Wellington Federation of Agriculture conducts tax revenue/use study in Mapleton

·3 min read

The Wellington Federation of Agriculture (WFA), in partnership with the Ontario Federation of Agriculture (OFA), is currently doing a cost of community service study in Mapleton.

Cost of community service studies show that the tax consequences of different land uses vary significantly, in terms of both tax revenues received and local government services expenses incurred.

In other words, certain lands have different tax consequences and some lands may produce more revenue than others; whatever revenue the municipality get from that tax class – residential versus farmland versus industrial versus commercial – will be put toward at its own class.

So, residential tax rates will be put toward residential uses, and so forth.

WFA's study looks at farmland and the taxes that that land brings in for the local government, and what kind of services the municipality can offer using farmland taxes for the agriculture tax class.

However, an important aspect to note is that houses on farms are taxed using residential rates, as is one acre of the land a house sits on.

Janet Harrop, president of the WFA, spoke with EloraFergusToday about the importance of the study, harping on the value of the agriculture tax class within Wellington County, specifically the Township of Mapleton.

“The reason we have been advocating on doing this study at Mapleton is because Mapleton is the largest economic driver of agriculture in Wellington County,” said Harrop.
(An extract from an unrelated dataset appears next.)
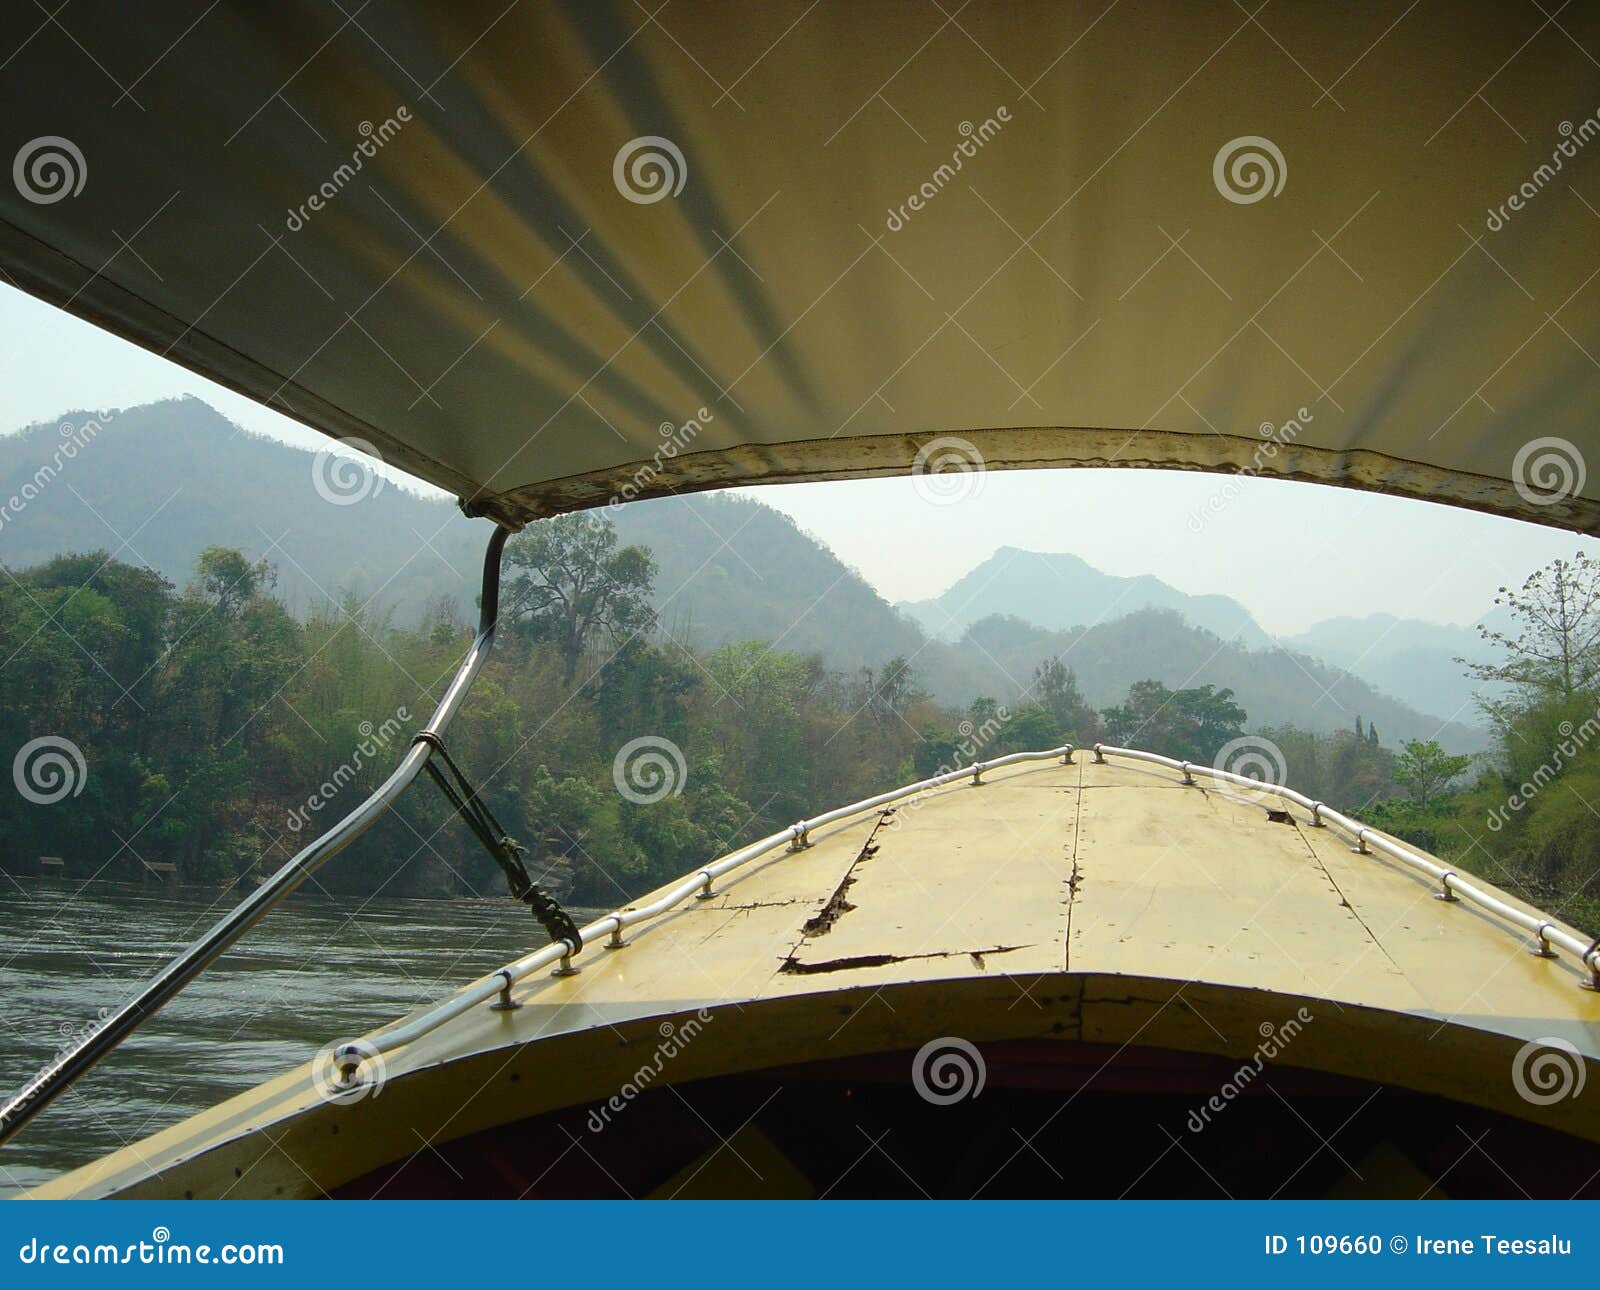 boatrip on the river kwai

“They have the largest percentage of farms in the county, and they also have two fairly small urban centres. In terms of a tax revenue perspective, the municipality is put at a disadvantage when it comes to receiving dollars from the Ontario municipal partnership fund transfer dollars because the township has additional farmland they cannot use to repair or build roads and bridges.”

Harrop explained that WFA is trying to show the value of the different tax classes through the study.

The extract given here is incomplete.